Rome est un vrai désert dans cette saison où on étouffe cruellement. Nos relations, à quelques exceptions près, se bornent aux officiers de la division et à leurs épouses que nous nous faisons un devoir de recevoir tous les lundis. J'ai tant d'occupations que je ne sais pas comment la journée passe, et dans mon ardeur de travail, j'oublie presque la chaleur. Mais j'admire ma pauvre Adrienne, bien mal logée, et supportant avec courage et résignation les vilains mois que nous avons à traverser. Jean se porte à merveille, et a l'air fort content malgré l'isolement forcé où il trouve. Nous pensons souvent aux beaux ombrages d'Etiolles et surtout à la bonne hospitalité qu'on y reçoit, nous parlons souvent de vous et de votre charmante femme, enfin nous nous rapprochons de vous tous tant que nous le pouvons, par le coeur et par la pensée. J'espère que vous aussi vous ne nous oubliez pas. Un mot  de votre main me fera le plus grand plaisir.

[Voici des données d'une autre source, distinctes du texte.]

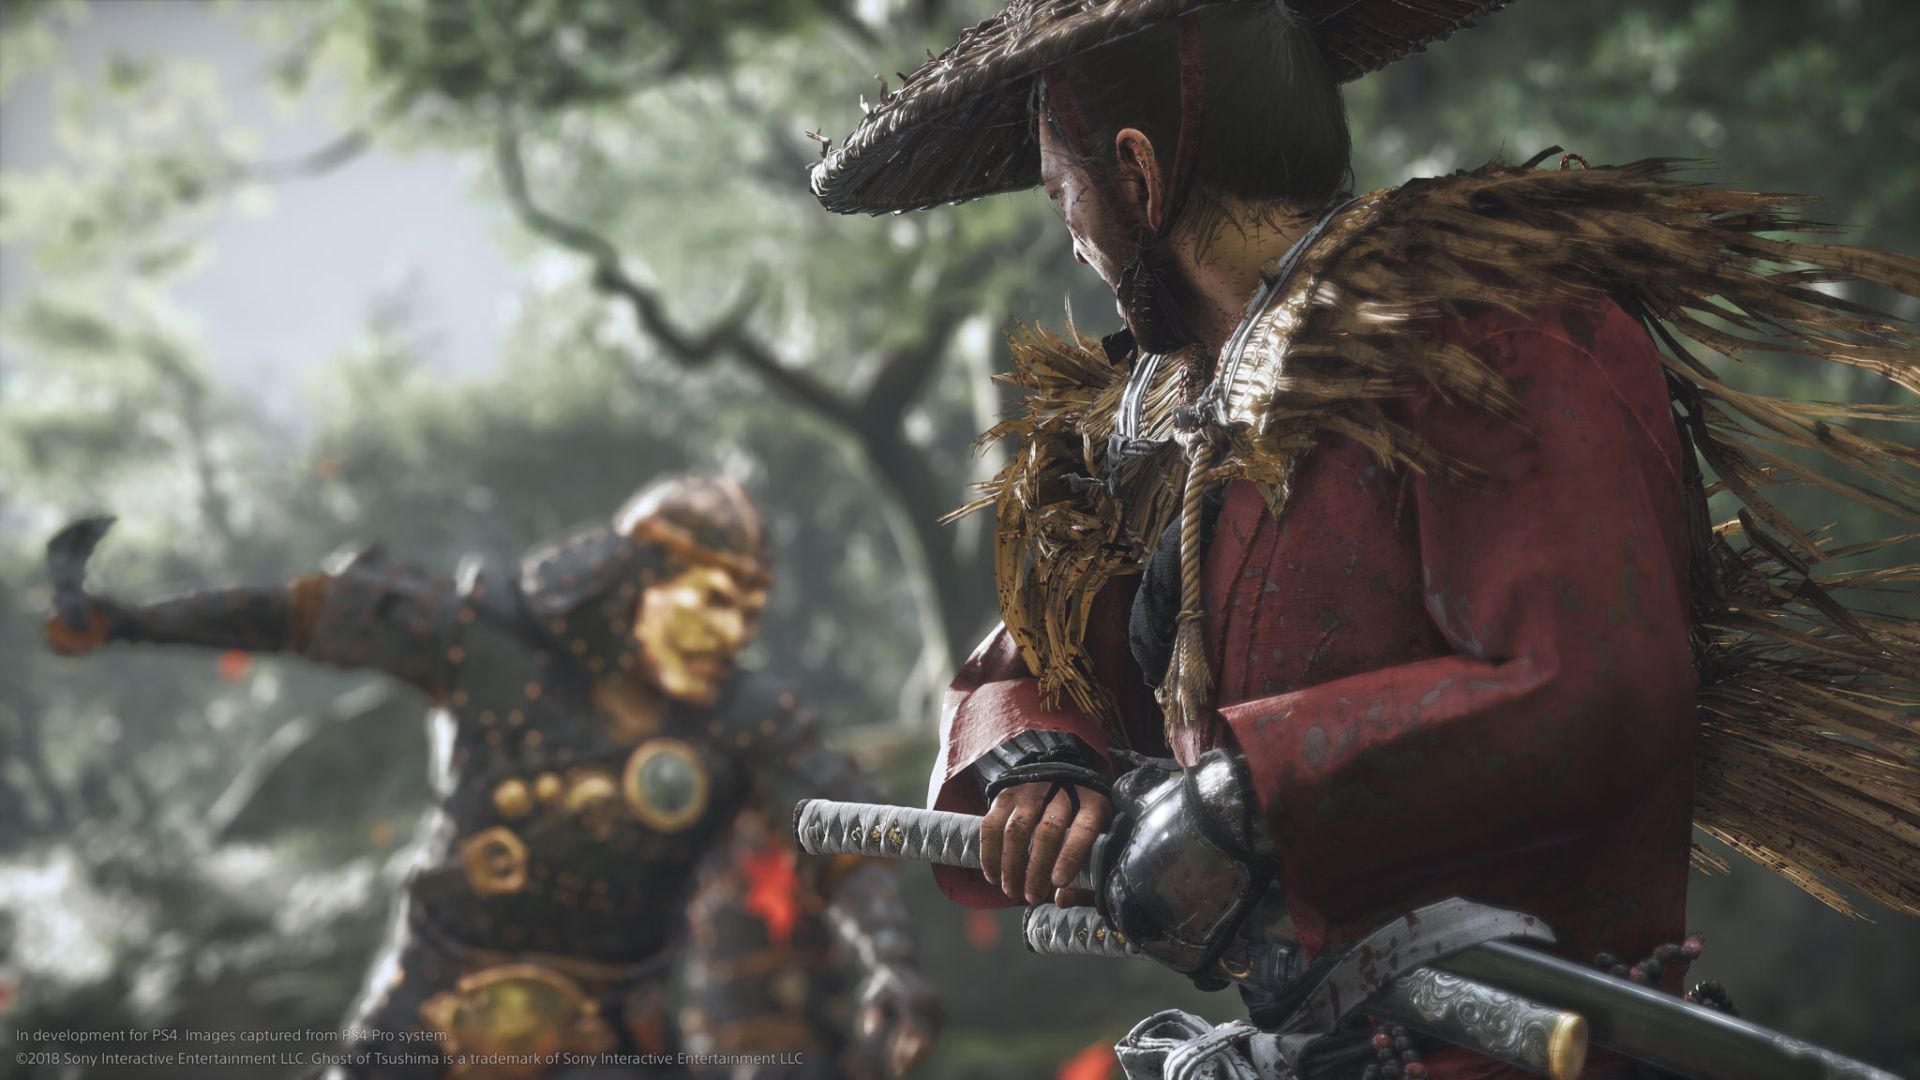 Image for Despite being part of Sony's TGS 2019 line-up, we're not actually getting new Ghost of Tsushima footage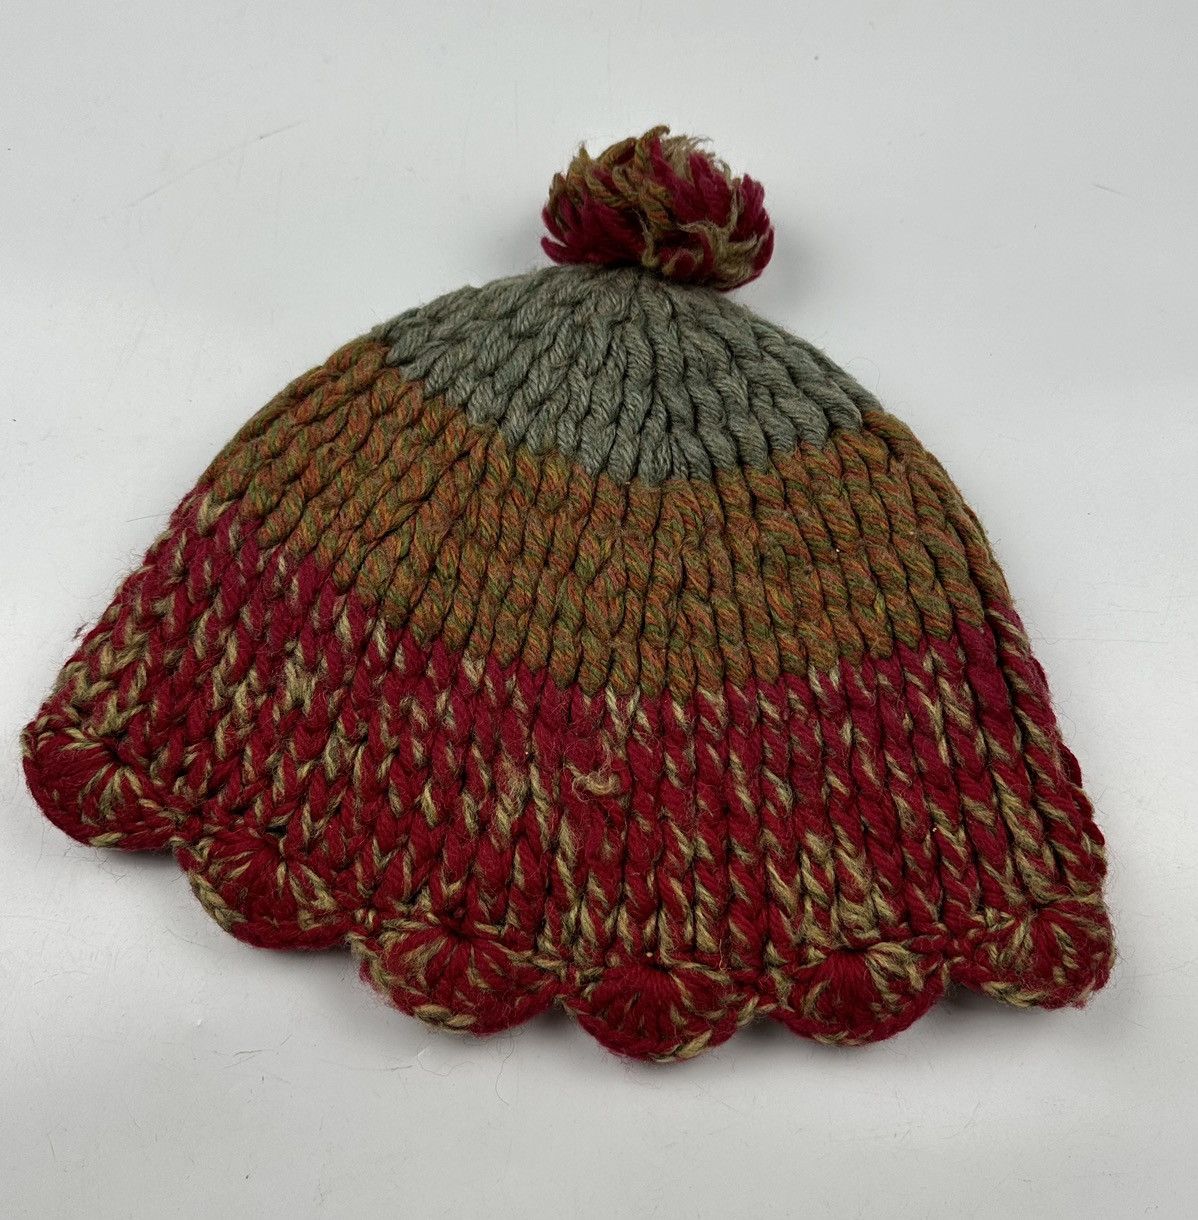 custom made knitted hat tg3 - 5

Quand vous verrez l'Empereur et l'Impératrice soyez assez bon pour leur présenter mes plus respectueux hommages nos tendresses à votre aimable femme et à vos chers enfants.

Au revoir mon cher ami je vous embrasse de coeur.

 

 

P.S. : Cher Monsieur Walewski, j'ajoute un petit mot de bien tendre souvenir à la lettre de mon mari. Veuillez dire à Marianne que j'ai reçu sa bonne lettre et que je lui envoie une longue causerie par le prochain courrier. J'espère qu'elle a reçu mes billets ? Nous allons bien malgré une chaleur vraiment atroce. J'en suis la plus éprouvée. Mon mari va à merveille il est très occupé et cela lui fait tant de bien. Il est si heureux de cette vie active ! Je m'en réjouis bien pour lui et je vous en envoie toutes mes bénédictions. J'écrirai ces jours-ci une longue lettre détaillée à votre femme aujourd'hui le courrier part à l'instant et je n'ai que le temps de vous serrer la main et vous assurer de toute ma bien sincère affection.